In the event an employer withholds more income and employment taxes from wages than the employee owes, the employee may recover overpayments from the employer, per 26 CFR   31.6413(a)-2:

   31.6413(a)-2 Adjustment of overpayments.

(a) Taxes under the Federal Insurance Contributions Act or the Railroad Retirement Tax Act--(1) Employee tax.  After an employer repays or reimburses an employee in the amount of an overcollection, as provided in paragraph (b)(1) of 31.6413(a)-1, the employer may claim credit for such amount in the manner, and subject to the conditions, stated in 31.6402(a)-2.  Such credit shall constitute an adjustment, without interest, if the amount thereof is entered on a return for a period ending on or before the last day of the return period following the return period in which the error was ascertained.
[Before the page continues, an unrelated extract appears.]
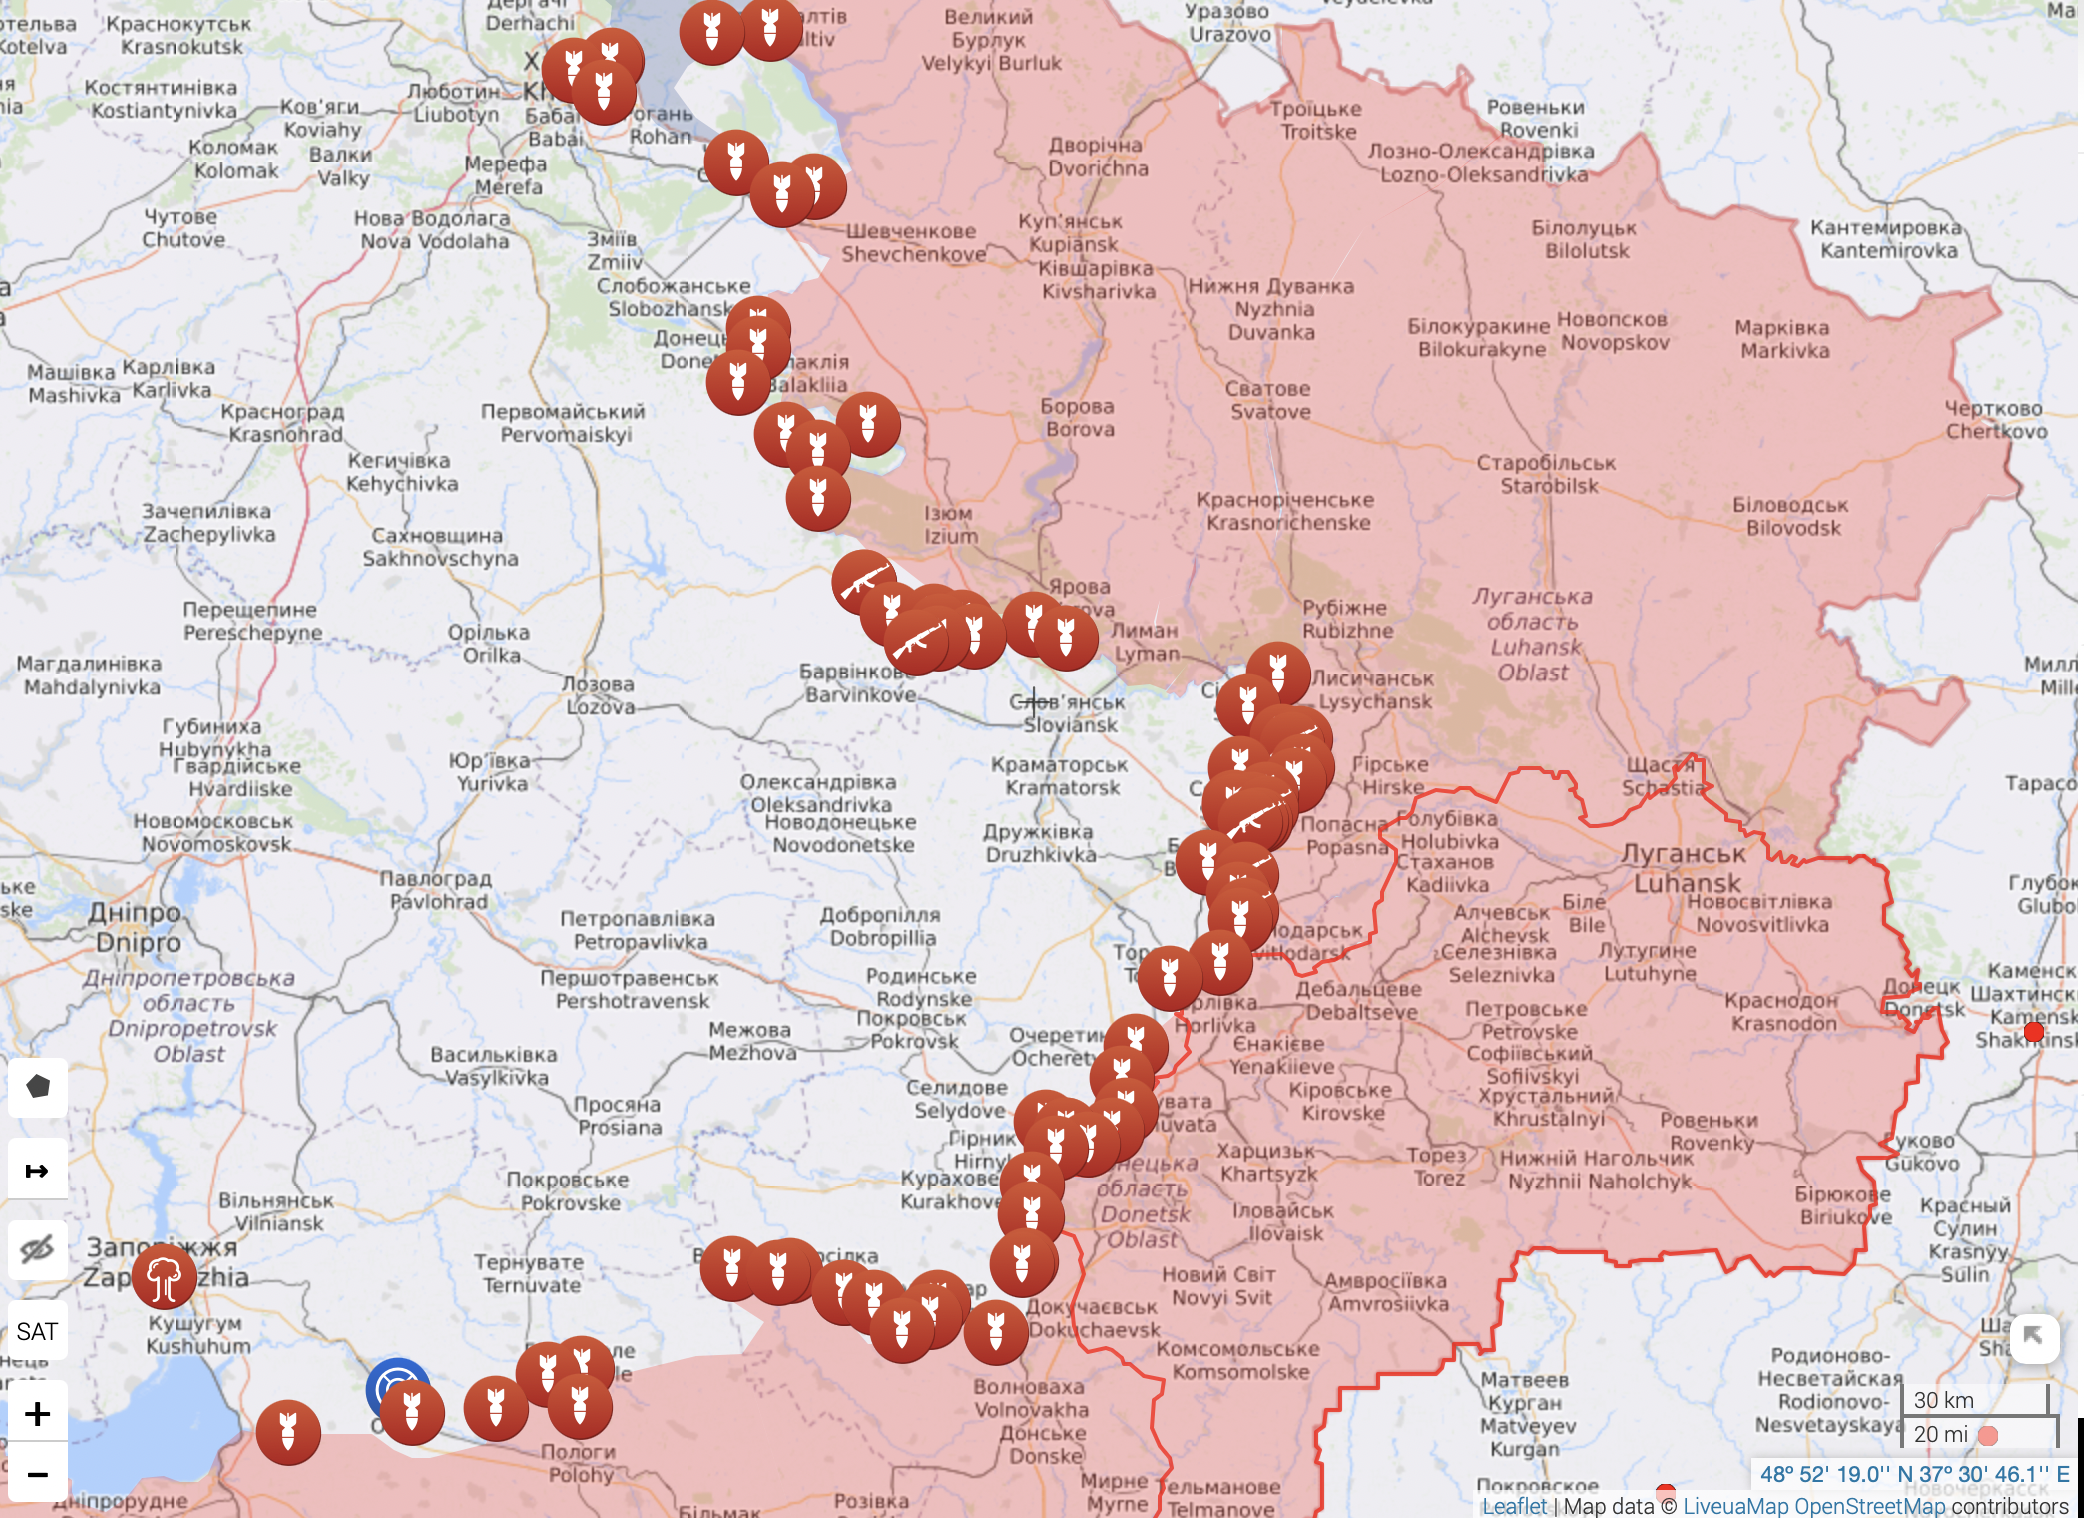 Карта війни в Україні на 19 серпня: де ведуться бойові дії

No credit or adjustment in respect of an overpayment shall be entered on a return after the filing of a claim for refund of such overpayment.

(2) Employer tax.  If an employer pays more than the correct amount of employer tax under section 3111 or section 3221, or a corresponding provision of prior law, the employer may claim credit for the amount of the overpayment in the manner, and subject to the conditions, stated in 31.6402(a)-2.  Such credit shall constitute an adjustment, without interest, if the amount thereof is entered on the same return on which the employer adjusts, pursuant to subparagraph (1) of this paragraph, a corresponding overpayment of employee tax.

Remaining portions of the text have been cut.